Chapter 2. See Active(SP) in Action

Documentation

VoltDB Home » Documentation » Volt Active Data Active(SP)

Chapter 2. See Active(SP) in Action

The best way to understand what Active(SP) does is to see it in action. The Active(SP) quick start implements two pipelines that demonstrate:

  • Streaming data to Kafka

  • Streaming data from Kafka to Volt Active Data

The source code for the sample is simple, easy to read, and useful both as a demonstration and as a template for building your own pipelines.

But let's get started. The steps for running the sample pipelines are:

2.1. What You Will Need

To run the quick start pipelines you will need an environment to build the sample from Java source files into a Docker image, a cloud environment (such as Kubernetes) with access to a Docker repository, an Apache Kafka server and a Volt Active Data database cluster.

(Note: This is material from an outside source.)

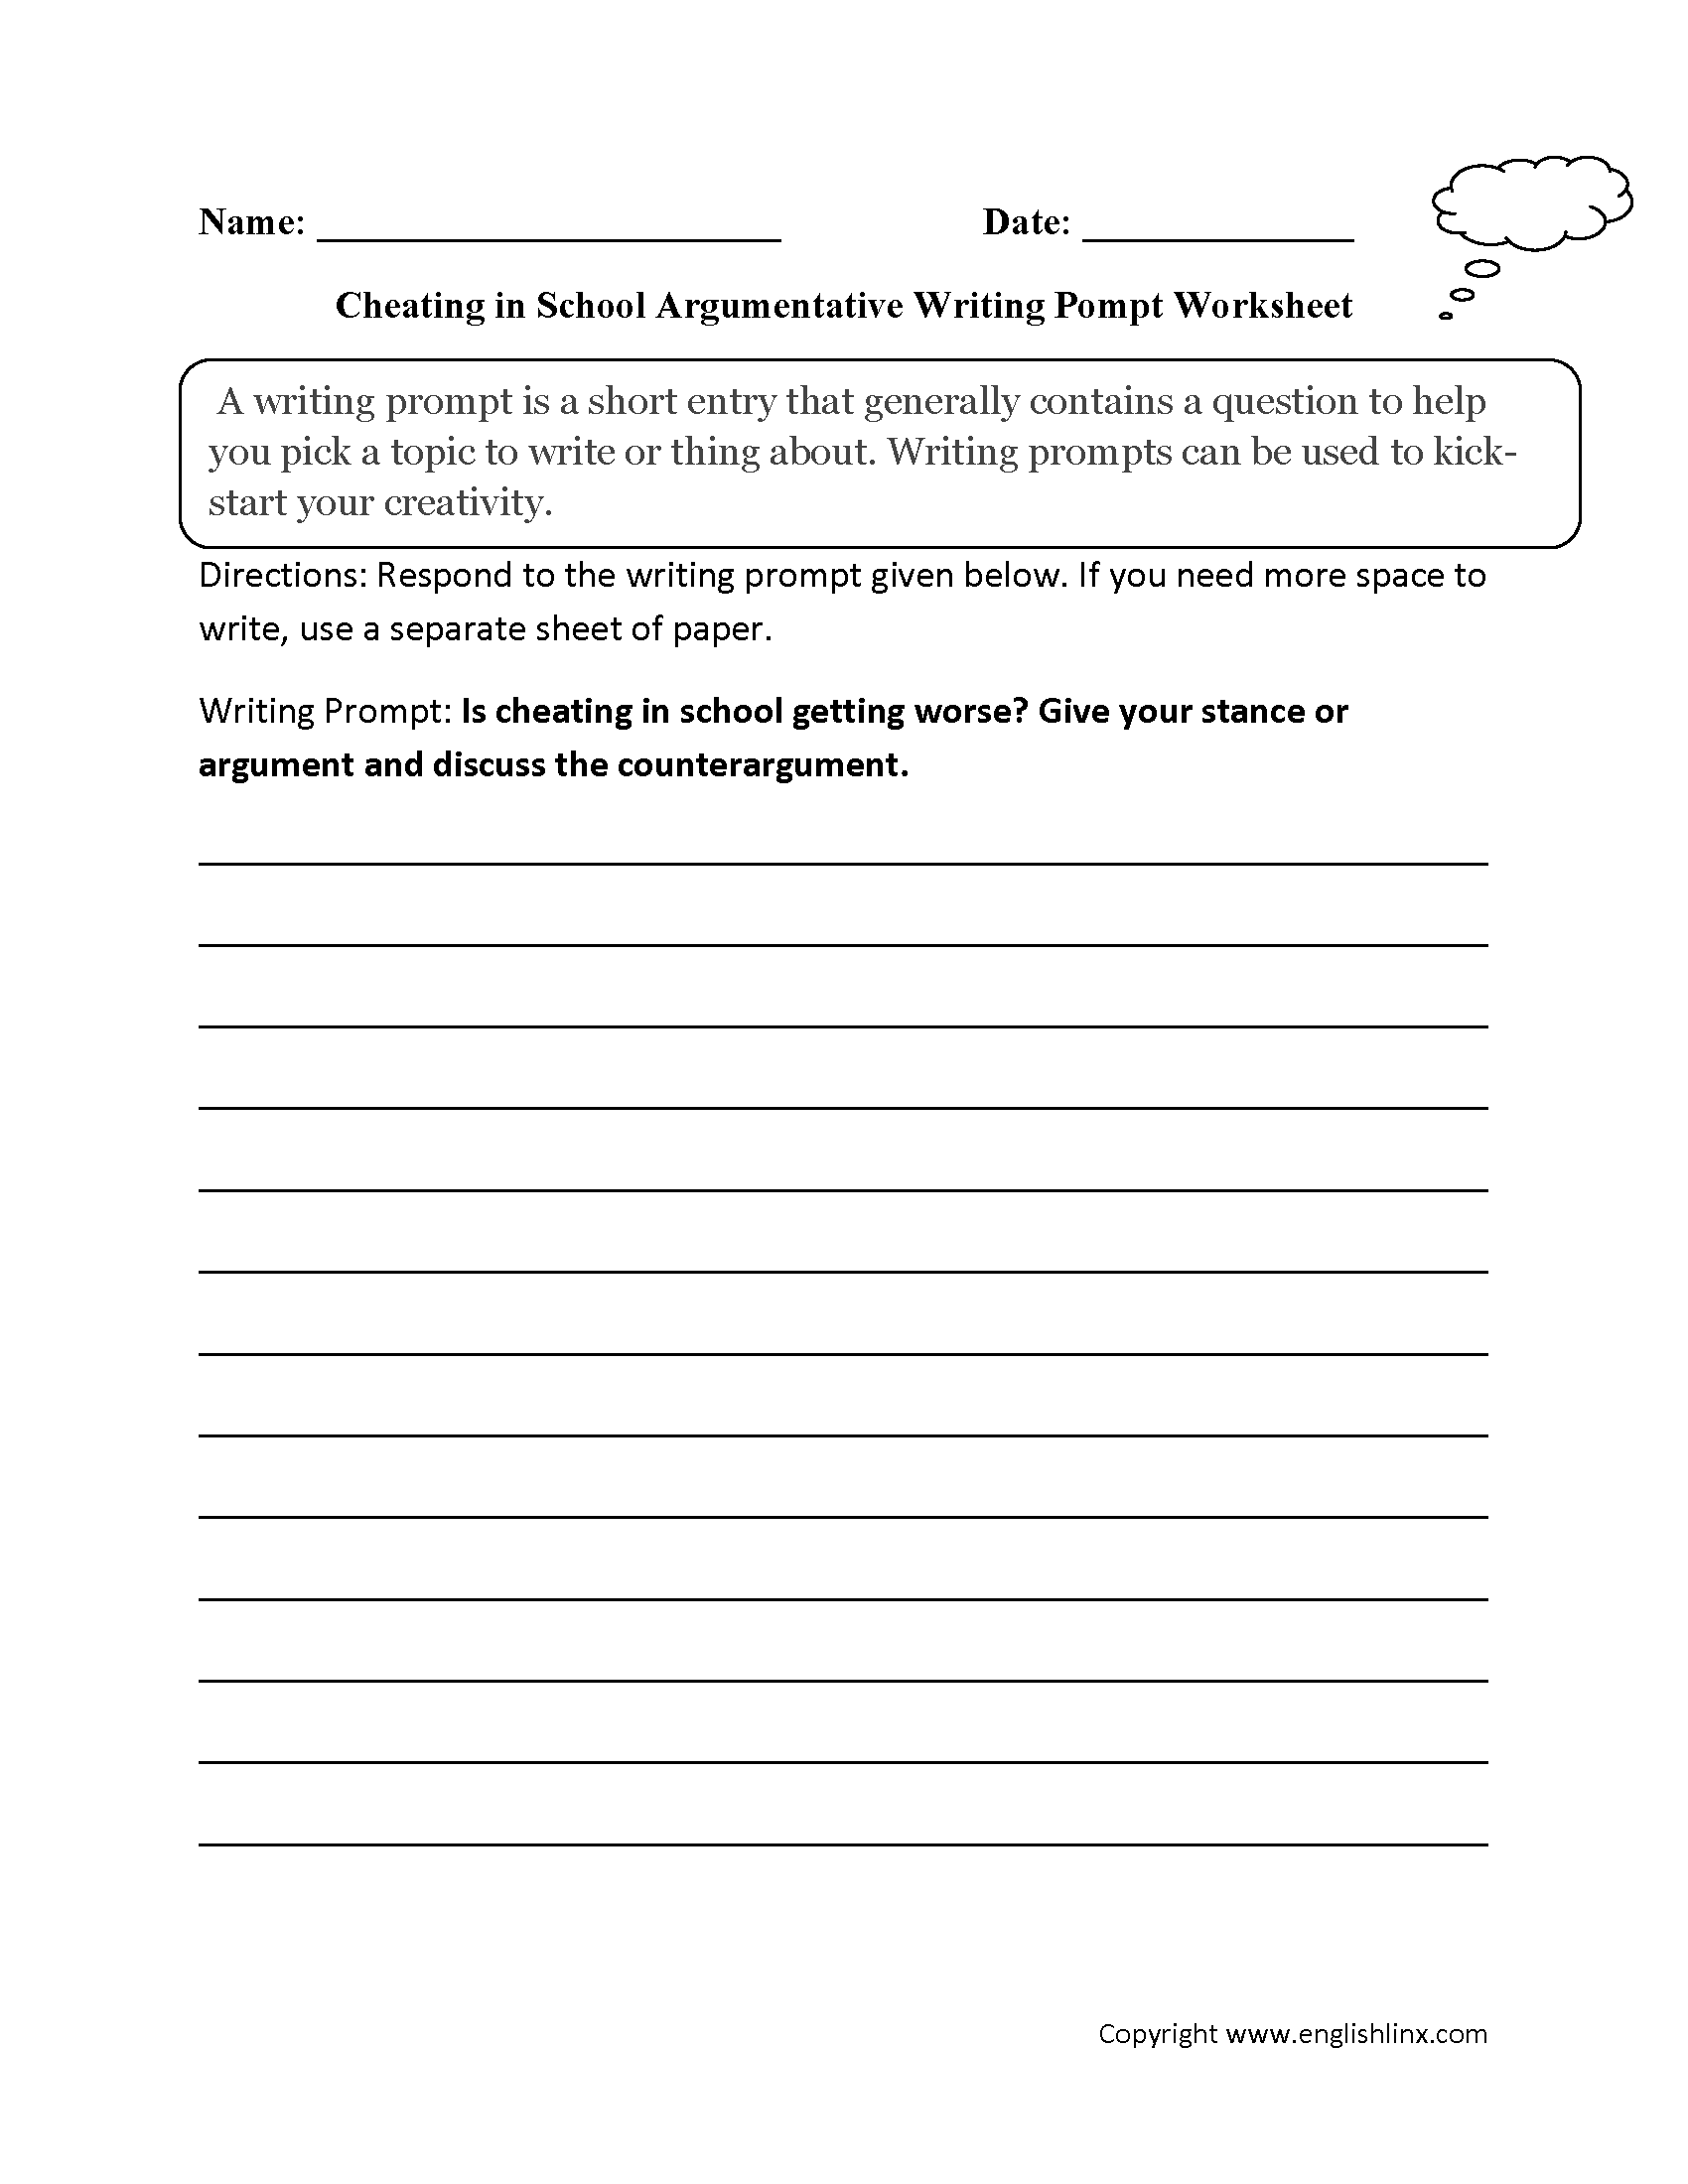 School Cheating Argumentative Writing Prompt Worksheet
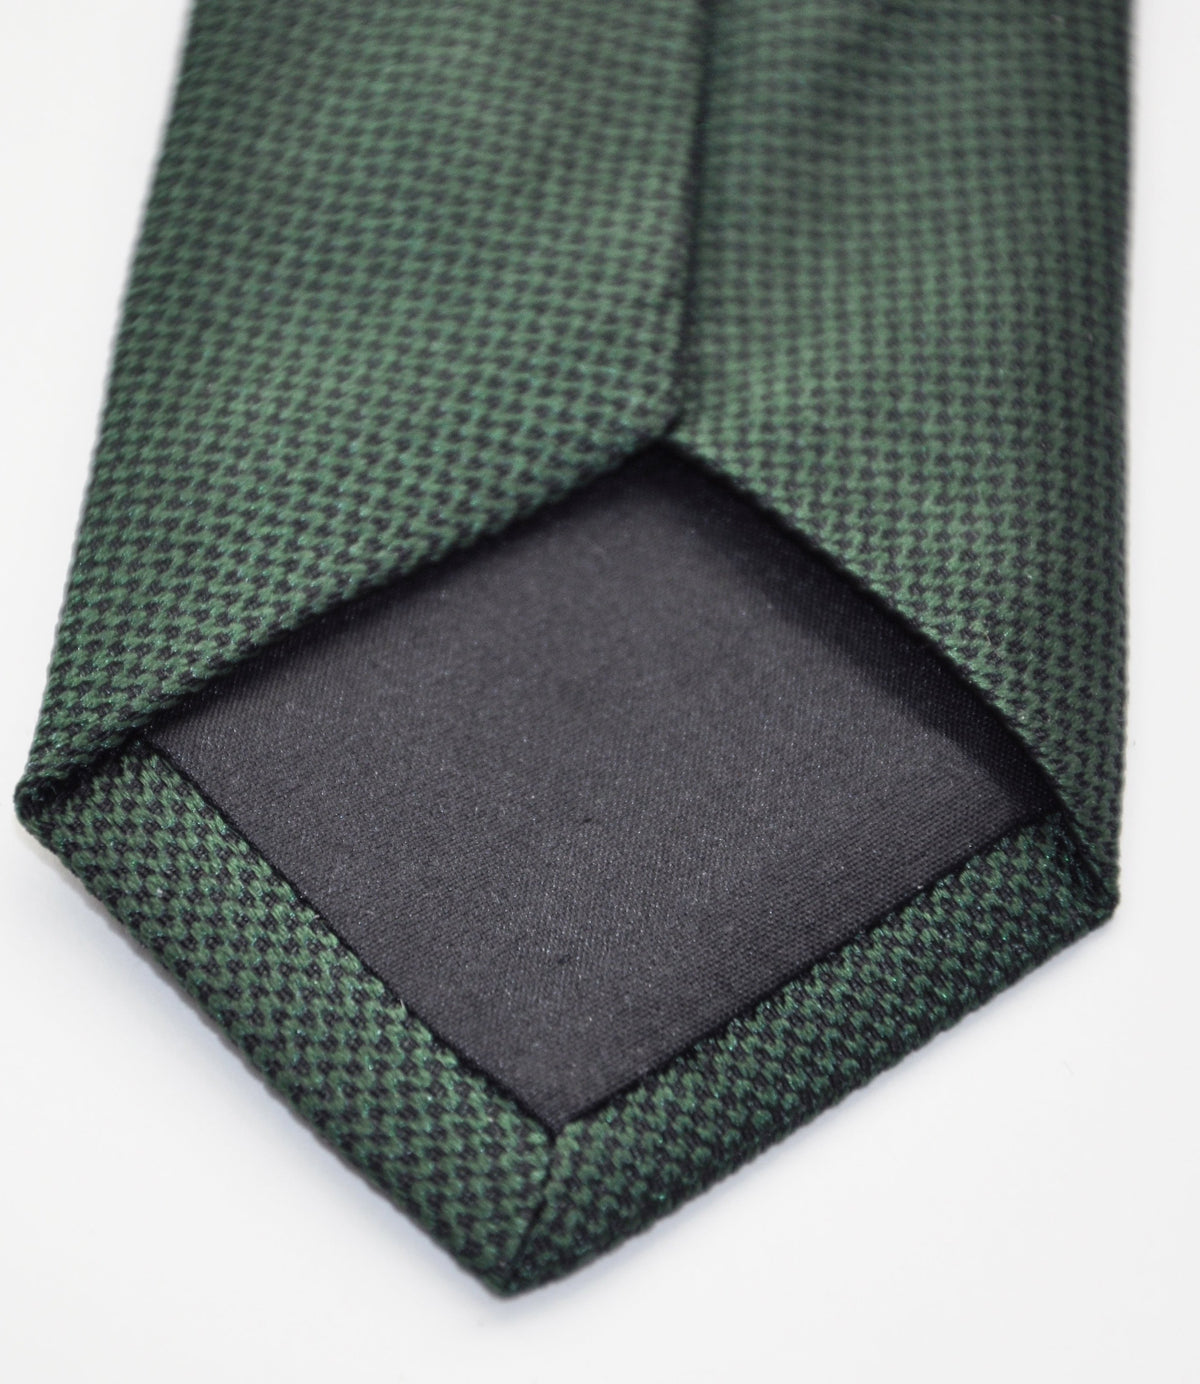 carpasus sustainable organic silk tie dark green. Carpasus nachhaltige Krawatte Bio Seide in Dunkelgrün

The build process requires access to the Volt Active Data software repositories (see your Volt sales representative for more information) and the following software:

  • Java SDK version 17 or greater

  • Maven

  • Docker

The recommended runtime environment includes:

  • Docker

  • Kubernetes

  • Helm

  • Kafka

  • Volt Active Data V14.0 or later

  • A Volt Active Data license including Active(SP)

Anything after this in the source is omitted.